This also means that as this capacity increases, heart doesn’t have to beat as frequently to deliver the
oxygen required to fuel your muscles at a given effort level. Or, if you compare the same heart rate before
and after your improvement efforts, your heart pumps a greater volume of oxygenated blood after the
improvement—and therefore a greater maximum amount of oxygen per minute.

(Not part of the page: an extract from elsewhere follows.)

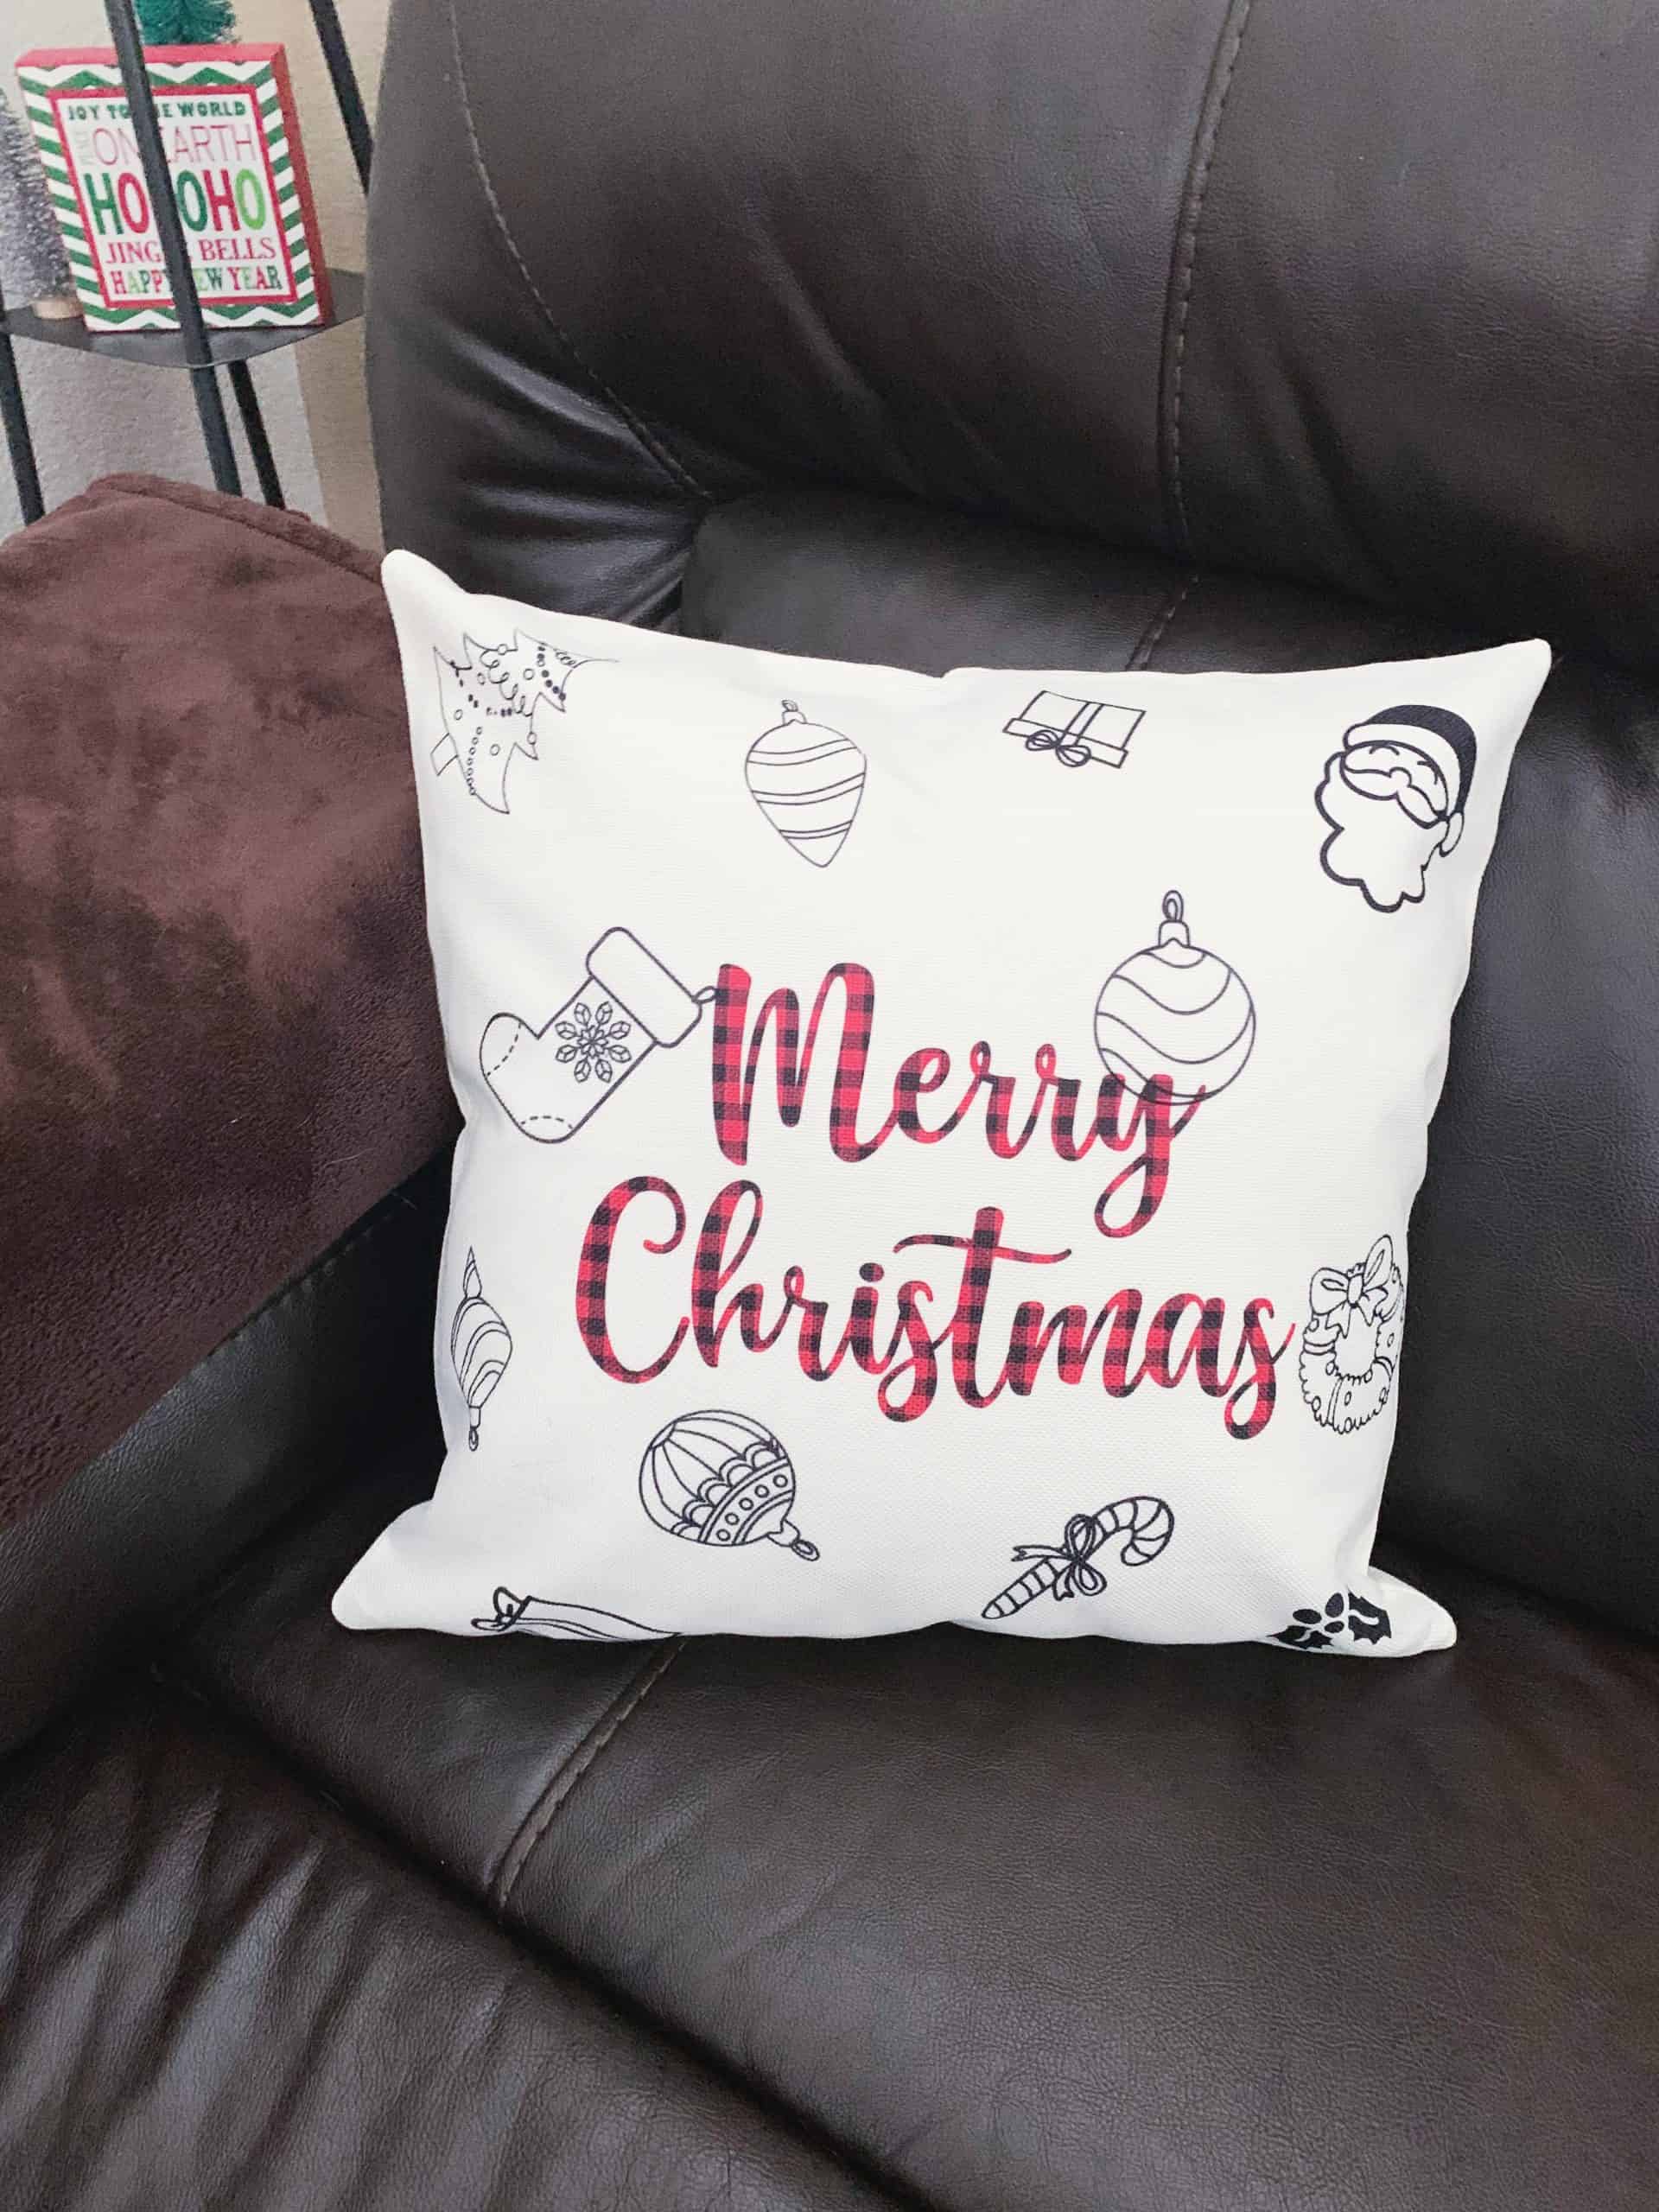 Cricut Christmas pillow cover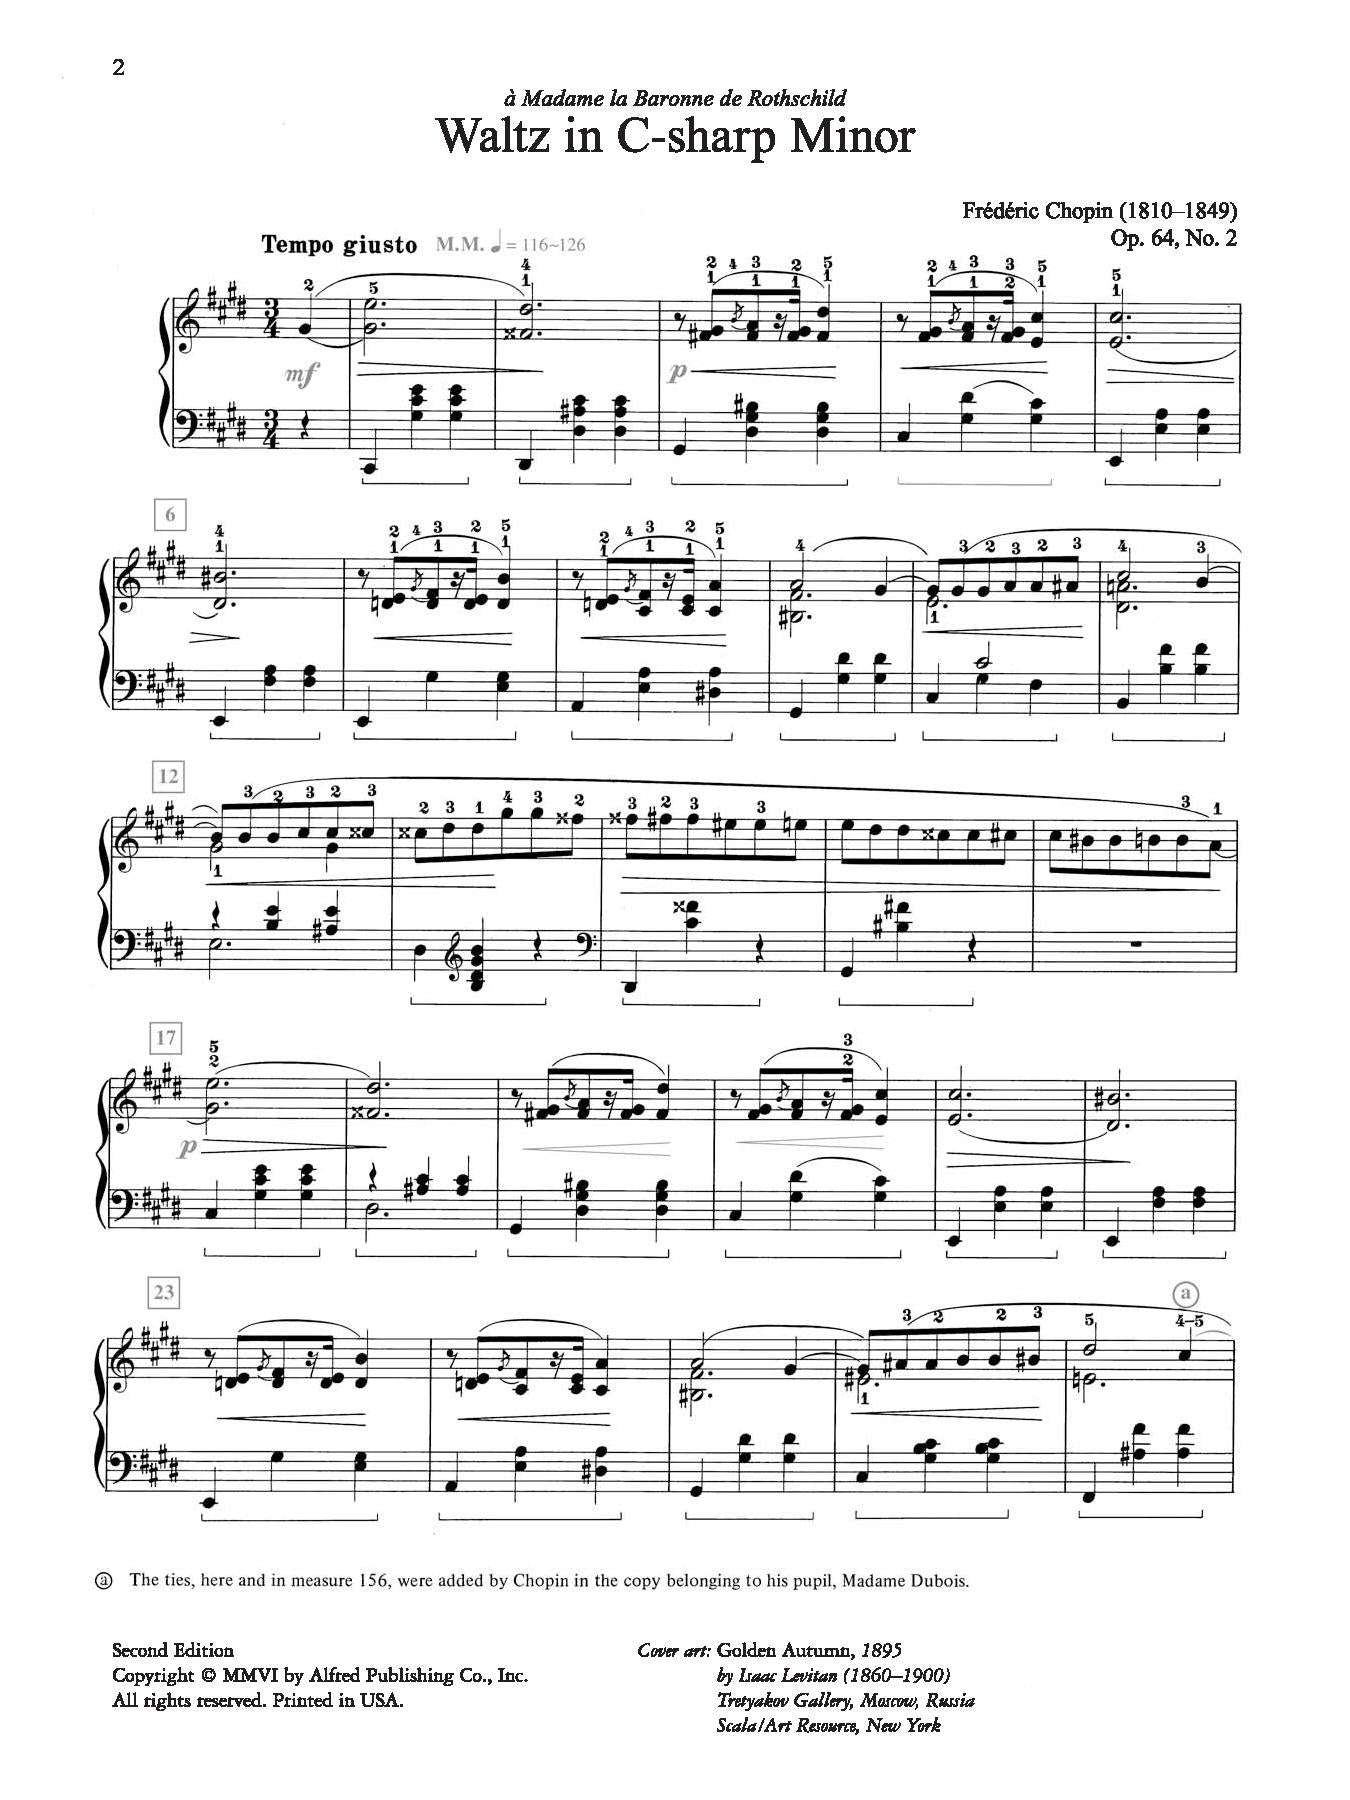 Chopin: Waltz in C-sharp Minor, Opus 64, No. 2

An individual’s VO2 max is influenced by a range of factors including age, gender, altitude, and, of course,
fitness. The average untrained man will have a VO2 Max around 35-40 mL/kg/min, and the average
untrained woman will have a measurement of around 25-30 mL/kg/min. Well-trained endurance male and
female athletes will often achieve values of 50-60 mL/kg/min and 40-50 mL/kg/min, respectively.

The more intense the exercise bout, the greater the disruption in homeostasis. Your muscles and blood
can become more acidic. Blood oxygen and glucose levels must be regulated to prevent them from falling
below normal levels. Body temperature increases activating thermal regulators processes. When you
exercise three to five times a week for several months, the body will make long-term or chronic
adaptations to the repeated stress of regular exercise.
In response to weeks and months of endurance training, a classic chronic adaptation is an increase in
mitochondrial number, and oxidative capacity in skeletal muscle. After weeks of being repeatedly
activated, chronic adaptations are made in the pathway responsible for mitochondrial biogenesis, thereby
increasing their numbers.

Moreover, when we go from rest to submaximal exercise, the rate of ATP utilization by the muscle
increases dramatically. Basically, when the concentration of ATP in the muscle cell drops below normal
resting levels, the energy charge drops and ATP producing pathways are activated. The energy charge
will drop during exercise dependent upon the exercise intensity and rate of ATP utilization.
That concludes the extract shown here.